See source to better make sense of what we will be describing below.
Now that we have created a linker section to put the resource table in, lets fill it up with the actual data.
Blame it all on OpenAMP's resource_table. I could decode the almost documented data structures, but the idea is simple: we need a data structure to allow linux or any OS's system to understand the nuances and capabilities of the firmware. it is that simple - this is essentially equivalent for device tree for remoteproc firmware in openAMP lingo.
Instead of inventing the wheel all over again, I decided to steal kaofish's R5 baremetal implementation of C from here and use that as my reference.
- First thing I needed was C's offsetof equivalent in rust. Ofcourse there is a crate for that..
use memoffset::offset_of;most of this stuff is transposition.
#[repr(C, packed)]In embedded space we like our structures that are exchanged between other binaries to be ABI compatible, independent of compiler nuances and platform eccentricities, So, duplicate the "packed" attributes of C..

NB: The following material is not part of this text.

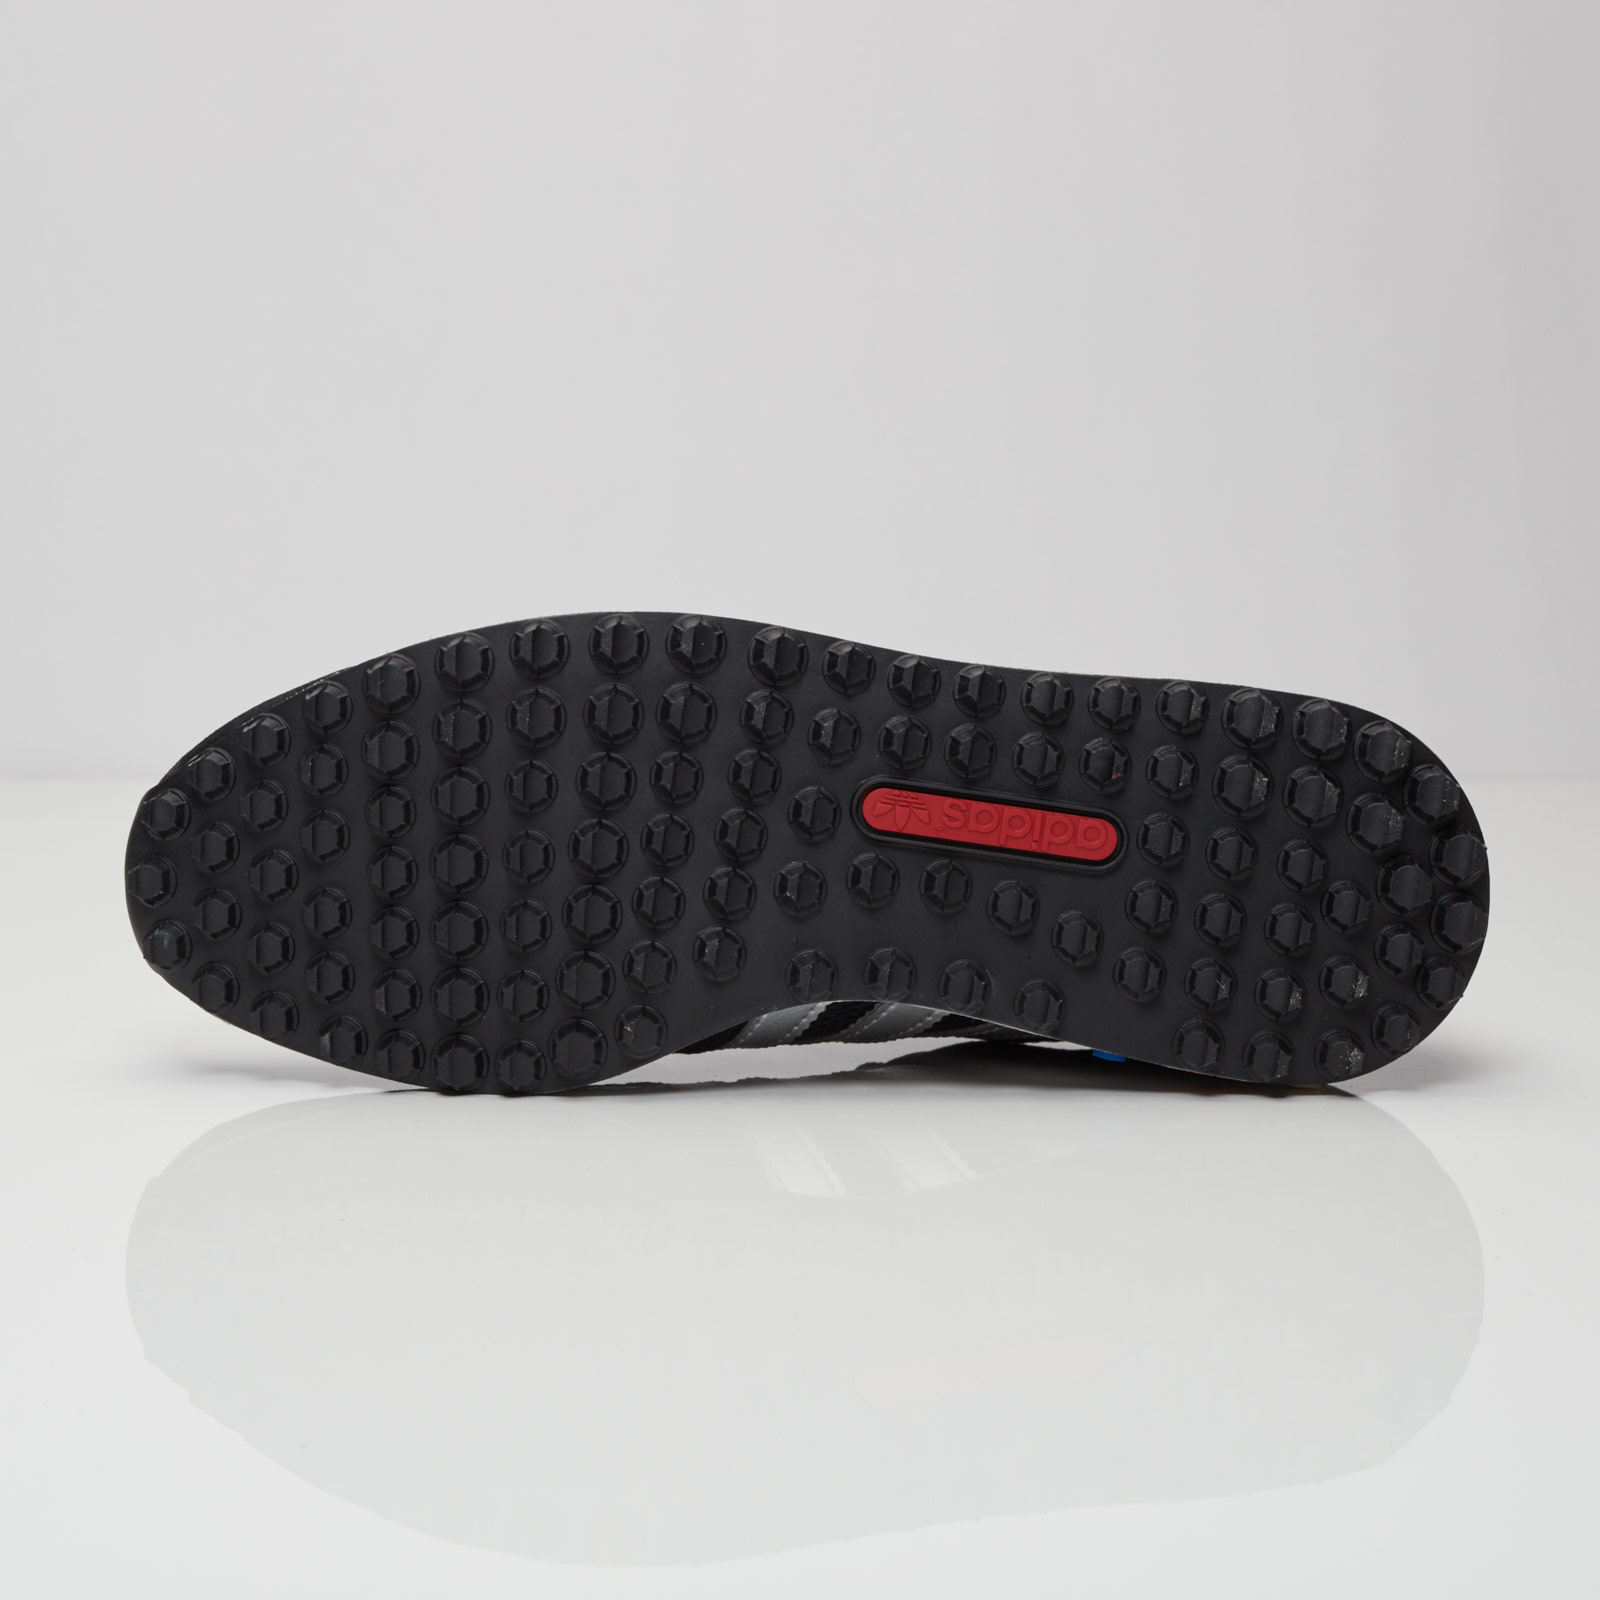 huge discount 8d453 febdb adidas LA Trainer OG MIG - Bb3774 - Sneakersnstuff   sneakers   streetwear  online since 1999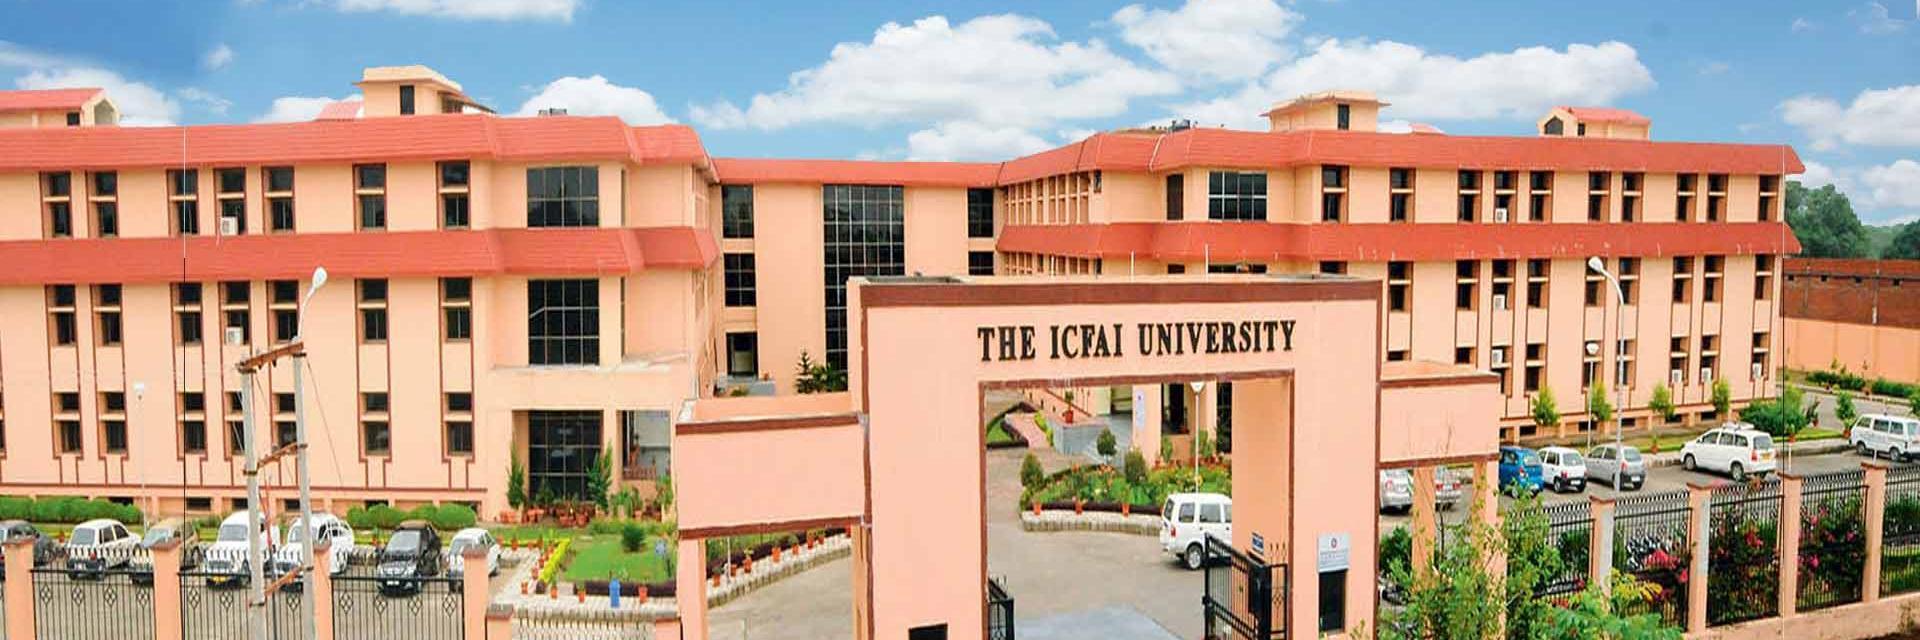 ICFAI University, Dehradun's official Twitter account

You can appreciate the similarities when i put the two structures back to back to look at.
#[repr(C, packed)]
pub struct RpmessageRscHdr {
// Version Number, set to 1
ver: u32,
// Number of Entries, MUST be 2
num: u32,
// Reserved for future use, set to 0
reserved: [u32; 2],
}typedef struct
{
uint32_t ver;
/**< Version Number, set to 1 */
uint32_t num;
/**< Number of Entries, MUST be 2 */
uint32_t reserved[2];
/**< Reserved for future use, set to 0 */
} RPMessage_RscHdr;Some Side comments from C-timer converting though process to Rust-ism..
- Love the u32 and simplified linuxy types..
- variable: type -> hmm... it reverses my thinking process when I switch from C (type variable) to rust (variable: type)
- [u32; 2] -> Ok fine, token parsing is easier.. but ughh.. size is a parameter of the data.. I need to tie it to type.. meh, but anwyays..
Now, this is a handful! rust compiler likes to mangle mangle names..
#[link_section = ".resource_table"]
#[no_mangle]
#[used]
#[export_name = ".resource_table.val"]
pub static G_RPMESSAGE_LINUX_RESOURCE_TABLE: RpmessageResourceTable = RpmessageResourceTable {Decoding these..
- link_section says where we want to send it - this is probably superfluous since the linker file section describes names that need to be assigned to that section
- no_mangle - uggh, I had hated that in every single language I have seen it in.
- used - please compiler - I do plan to keep this, dont dump it.
- export_name - now the naming convention in rust (it is a bit anal about complaning about name styles it does'nt like), but I want the linker file clean, so rename it as something else to matchup with the section rules we wrote a bit back.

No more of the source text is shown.